MeCab is used for morphological analysis. https://taku910.github.io/mecab/ This is widely used, but it has some weaknesses in new words and technical terms because it divides words more than necessary, such as changing "registered dietitian exam" to "administrative / nutrition / specialist / exam". For new words, a frequently updated dictionary called mecab-ipadic-NEologd has been published to make up for the weaknesses of MeCab. https://github.com/neologd/mecab-ipadic-neologd In addition to this, I create a new word dictionary to be analyzed locally and use it by adding various things.

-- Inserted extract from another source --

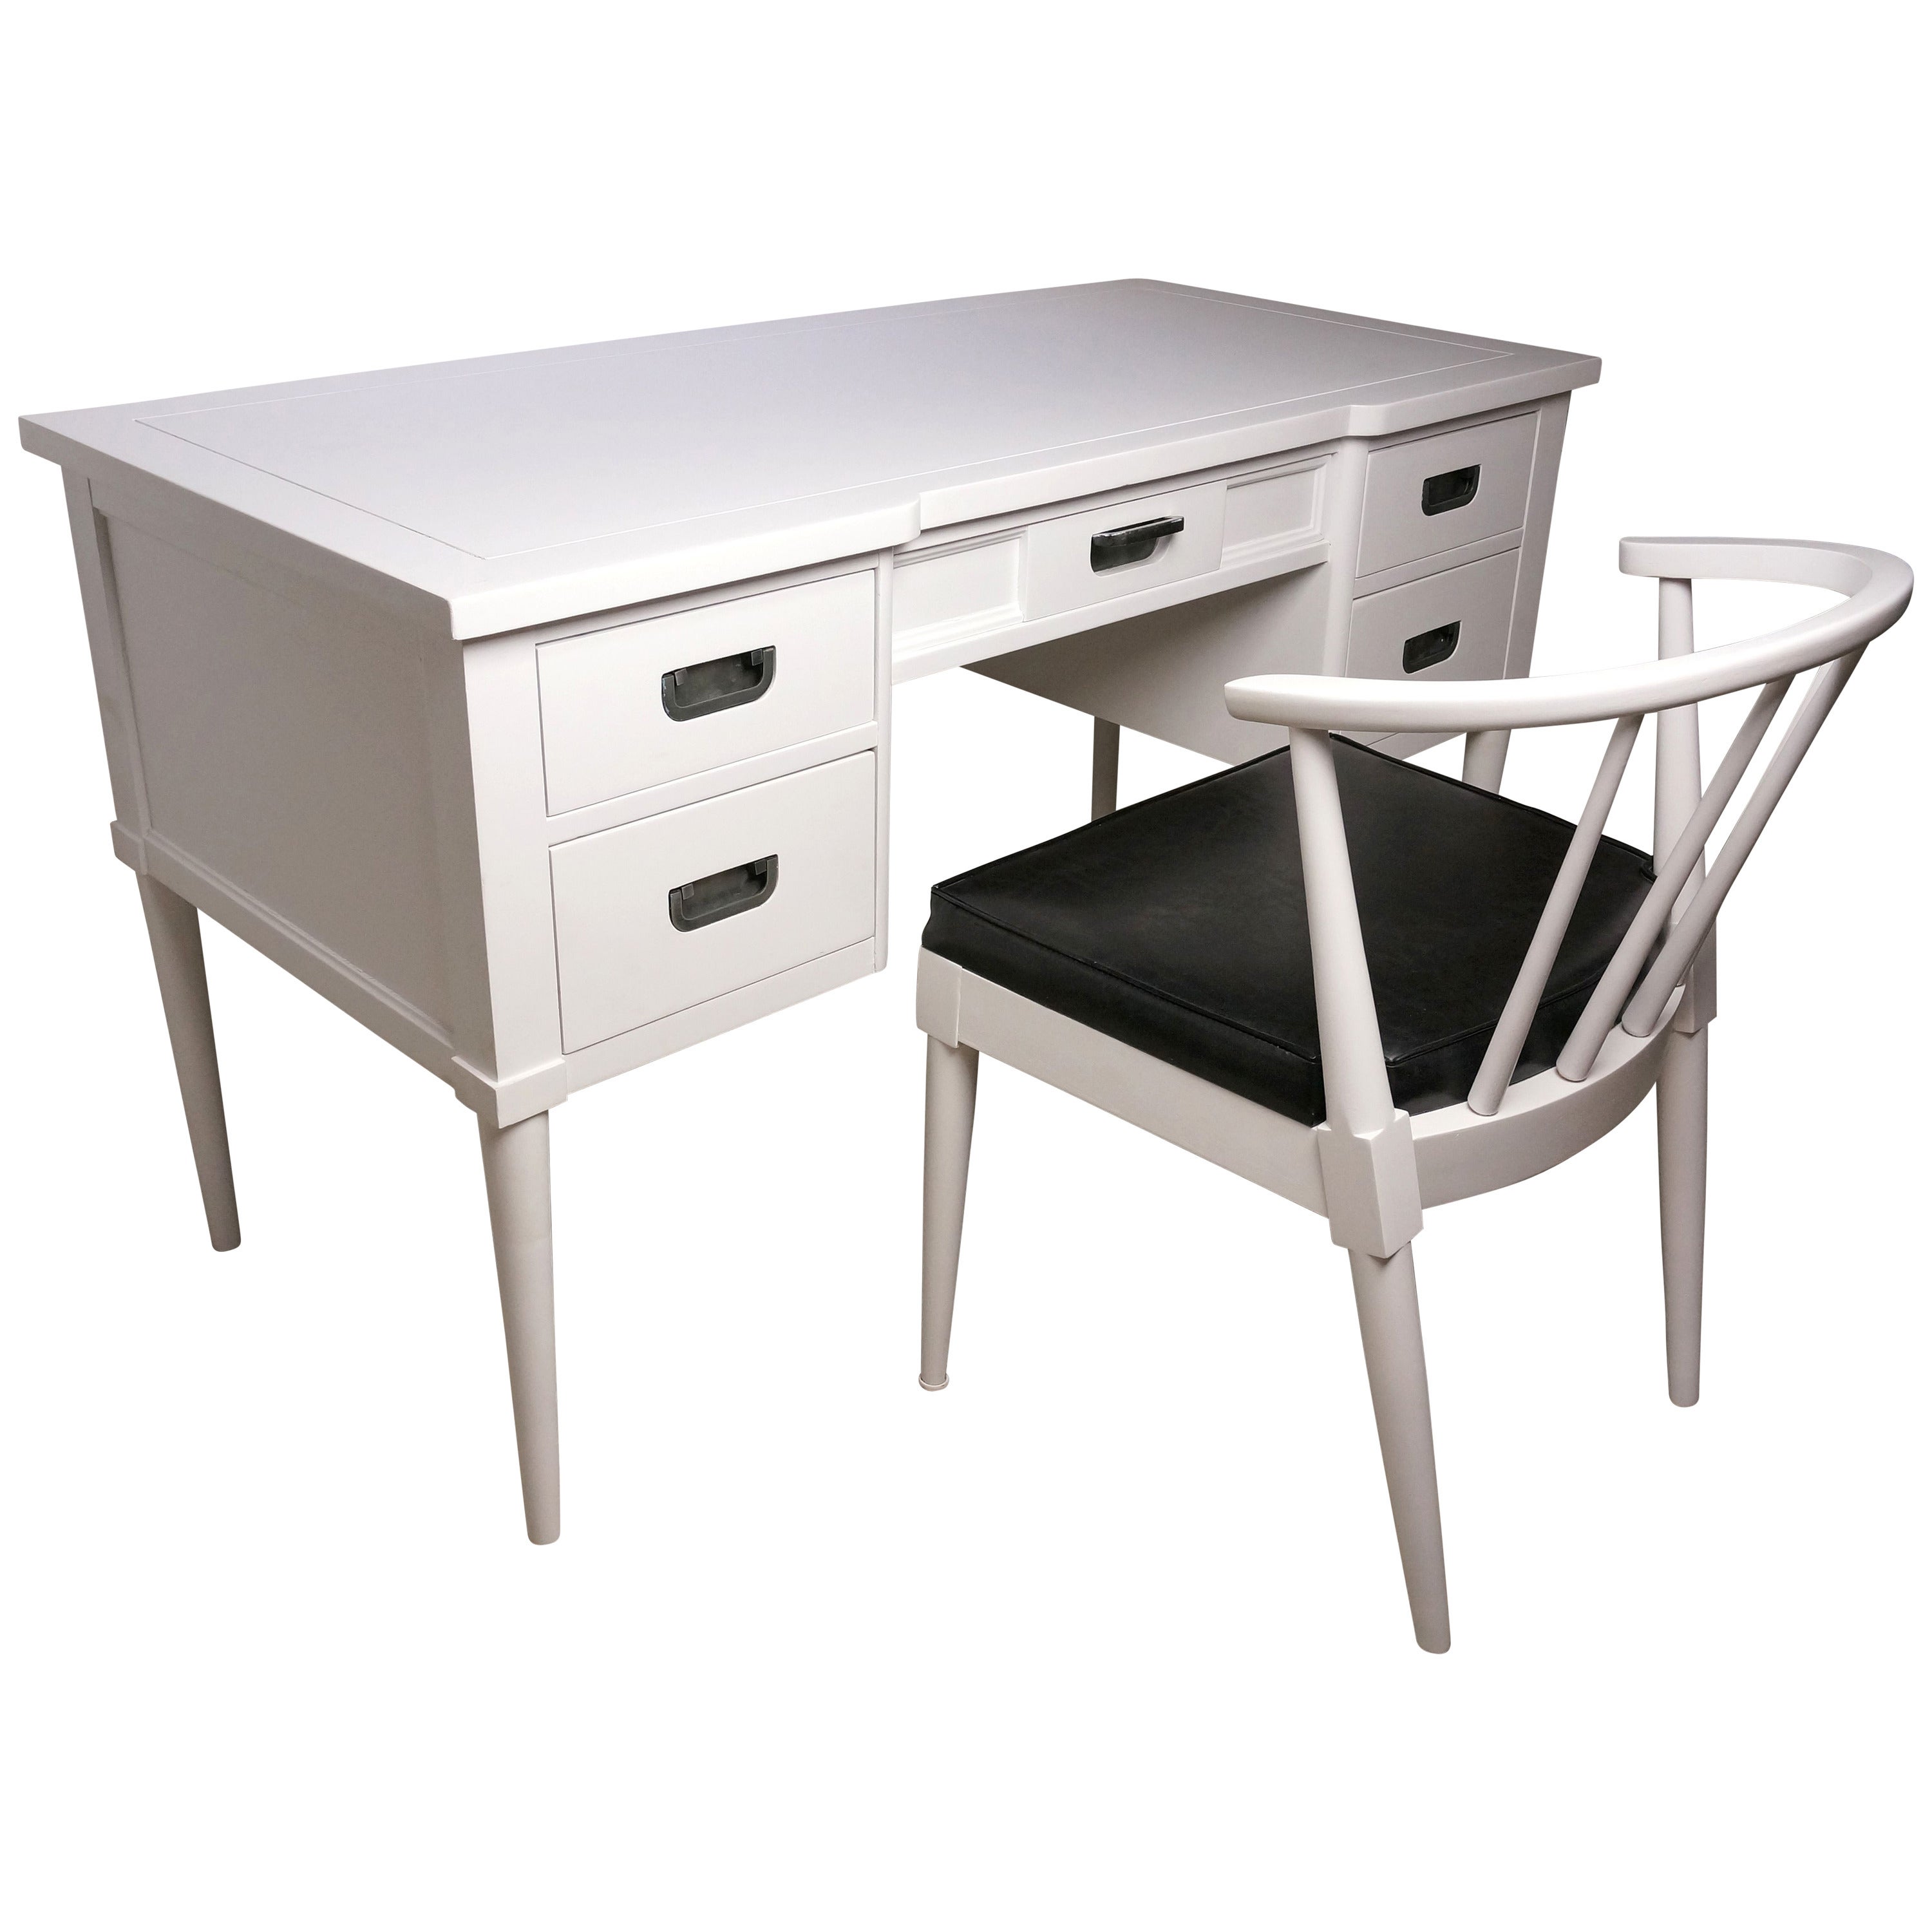 Midcentury White Lacquered Desk and Chair, Style of Paul McCobb, 1950s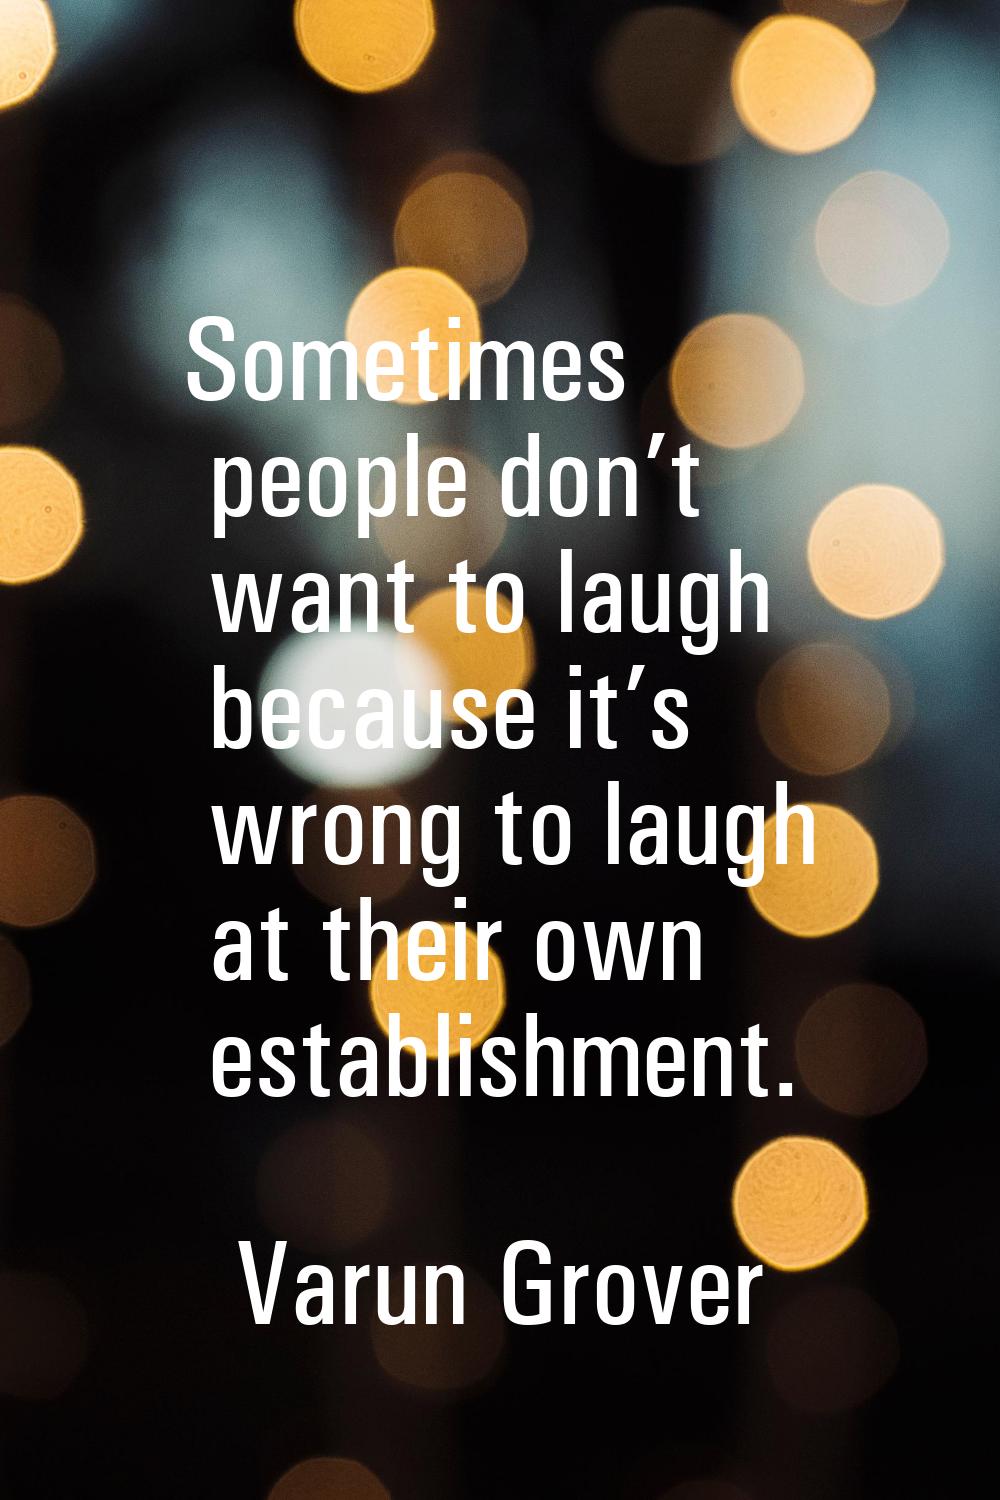 Sometimes people don’t want to laugh because it’s wrong to laugh at their own establishment.

I would like to use JUMAN ++ for high accuracy. http://nlp.ist.i.kyoto-u.ac.jp/index.php?JUMAN++ When "Foreigners to vote" is processed by MeCab, it becomes "Foreign / Ginseng / Government", but in JUMAN ++, it is analyzed as "Foreigners / Suffrage". The feature is that you can improve your analysis skills by machine learning. However, when I build JUMAN ++ with boost, I can't solve the error and I'm still up to now. I wonder if MeCab will be used as it is.

Preprocessing

If the text has HTML tags, you need to remove the tags. In addition to that, if you do not perform preprocessing before applying to morphological analysis, ① and i will appear as frequent keywords, and words with the same meaning will be aggregated separately.

emoticon

It's a demon gate. Emoticon research is, in fact, profound with decades of history. If you are interested, please read the special feature in the Journal of the Japanese Society for Artificial Intelligence Vol. 32 No. 3 (2017/05). https://www.ai-gakkai.or.jp/vol32_no3/ I picked up an emoticon dictionary and added it to my dictionary to make the tea muddy, but the coverage is not high. Depending on the text to be analyzed, it may be necessary to work head-on with the emoticons.

Normalization

This is a process to prevent similar words with the same meaning from being aggregated separately. Full-width half-width, uppercase and lowercase letters (eg Qiita, QIITA, Qiita, QIITA) Align notation (example: high 3, high 3, high school third grade, high three, high third grade) Align abbreviations (eg, Hiroshima University, Hiroshima University)

Numbers

Regarding the handling of numbers, it may depend on the type of document. In normal context, you may delete all the numbers. On the other hand, for sports records and other items where numbers are keywords, it is better to treat numbers as numbers. In this case, the trouble is that MeCab divides the number with a decimal point into different words, such as an integer part, a period, and a decimal part. In this case, it is necessary to perform a process to restore the numerical value after performing the morphological analysis at once.

Stop word removal

A stop word is a word that appears in any document, such as "I" or "is". I exclude non-independent words and words that frequently appear in the analysis target document as stop words.

Other

Chemical formulas, mathematical and physics formulas, URLs, product codes and model numbers should be excluded from lexical analysis. For example, if you simply give MeCab the chemical formula of phenol (C6H5OH), it will be like this.

C noun,General,*,*,*,*,*
6 nouns,number,*,*,*,*,*
H noun,General,*,*,*,*,*
5 nouns,number,*,*,*,*,*
OH noun,Proper noun,Organization,*,*,*,*

This cannot be recognized as phenol at all. In addition, it is often meaningless to analyze English sentences and program codes using the same method as Japanese.

Document vectorization

Vectorize the document using the words contained in the document as clues (Doc2Vec). Similar documents should have similar vectors. Doc2Vec is included in a library called gensim. https://radimrehurek.com/gensim/

Once you have a vector, you can combine similar documents. There is also a technique called topic analysis, which will be described later, to put together similar documents. In some cases, topic analysis and vectorization are used together. I would like to make various trials and errors around here as well.

Topic analysis

Documents that have been morphologically analyzed are automatically classified and divided into a specified number of topics. This can also be done with gensim. gensim should be afraid.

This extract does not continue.